HBV testing uptake and knowledge change
At follow-up, four of thirty-three participants (12%) self-reported being tested for HBV; one (1/15, 7%) in the standard information group and three (3/18, 17%) in the liver cancer prevention information group (Fig. 1). HBV-related knowledge change measured by responses to the question “how do you think you could get hepatitis B” pre- and post-intervention showed an increased number of participants identified transmission routes correctly, and the number of people who had the misconception that HBV is transmitted through sharing food or eating utensils dropped from 19 (58%) to 8 (24%) (Fig. 2). Knowledge changes pre-and post-intervention in each group showed a similar trend (Table s6).
HBV testing intentions and associated factors
Of the 33 participants who completed follow-up, 21 participants (64%) reported having visited a doctor within six-months of study participation (Table 3). Seven of these participants (that is, 33% of those who visited a doctor) reported discussing HBV testing with their GP (with four receiving a test as reported above). The three who did not have a test reported the “doctor said I don’t have the problem” or the “doctor said I had been tested before”. Of note 14 of the 21 participants who visited a GP reported not discussing HBV testing. Among the 12 participants who did not visit a GP during study follow-up period, five reported having no intention to be tested (Table 2).
The following factors, drawn from interview and open-text follow-up questionnaire data, were identified as explanations of participant intentions and testing behaviour, including perceived relevance and seriousness of HBV, healthcare access and costs, perceived GP role, and other environmental barriers such as COVID-19 related social restrictions.

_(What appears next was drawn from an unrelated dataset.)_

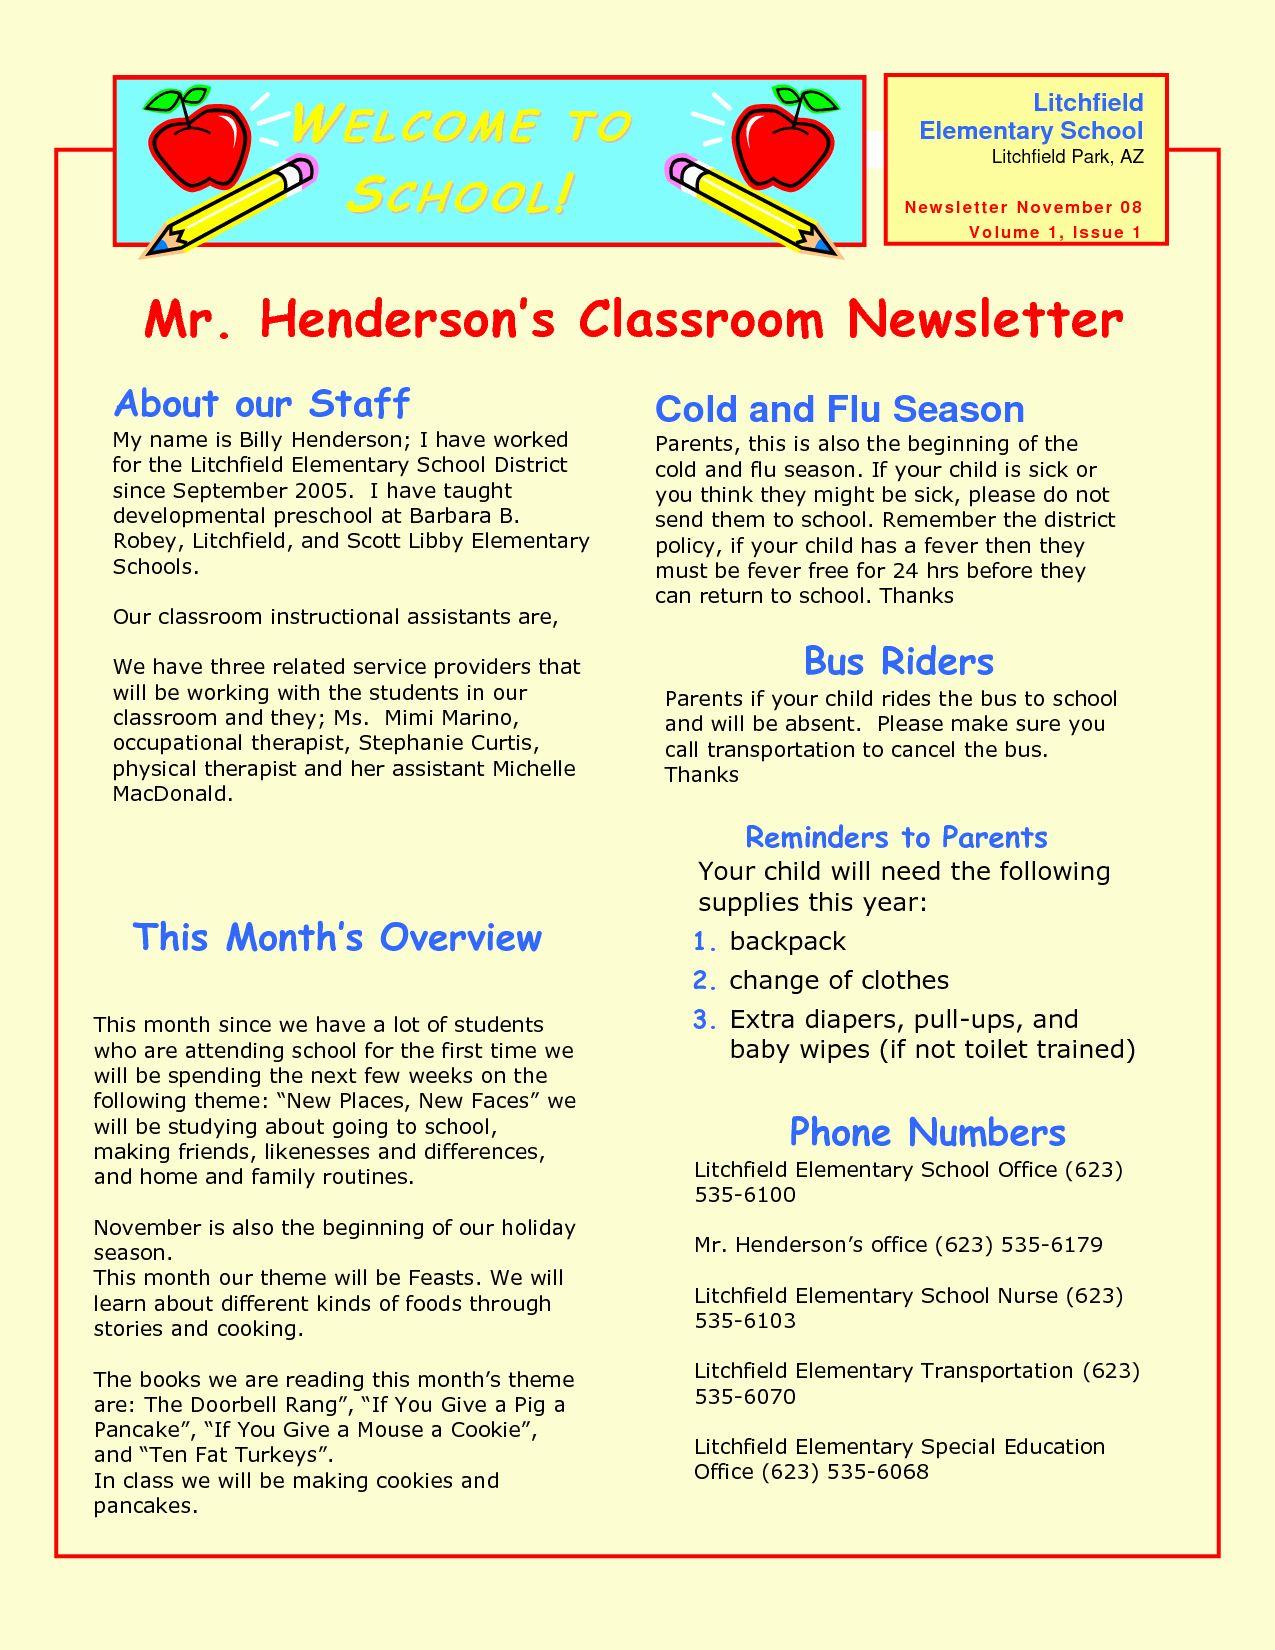 Newsletter Template For Preschool Beautiful Preschool Newsletter Samples Preschool Newsletter Classroom Newsletter Preschool Newsletter Templates

Perceived relevance and seriousness of CHB
Several participants noted they did not perceive being at risk of HBV infection. Responses such as, “I don’t think I have the problem”, were the most common reason for not getting or wanting a test following exposure to the education program. However, two participants later confirmed that they had been vaccinated against HBV after clarification with family members. Several others explained being at low risk for HBV as a result of no family history, not experiencing symptoms, no behaviours such as unsafe sex or injecting, no concerns identified during clinical check-ups, living in big cities, and the belief that a good lifestyle and eating habits could avoid the risk of infection.
No (intention to get a test). I don’t think I’m showing symptoms. (Participant 10)
In addition to the mandatory health examinations (required for visa application), I also sought that kind of screening tests at my own expense…I didn't notice (anything particular from health report) …also…I don’t have bad living habits or intravenous drug use or blood transfusion… nothing. (Participant 5)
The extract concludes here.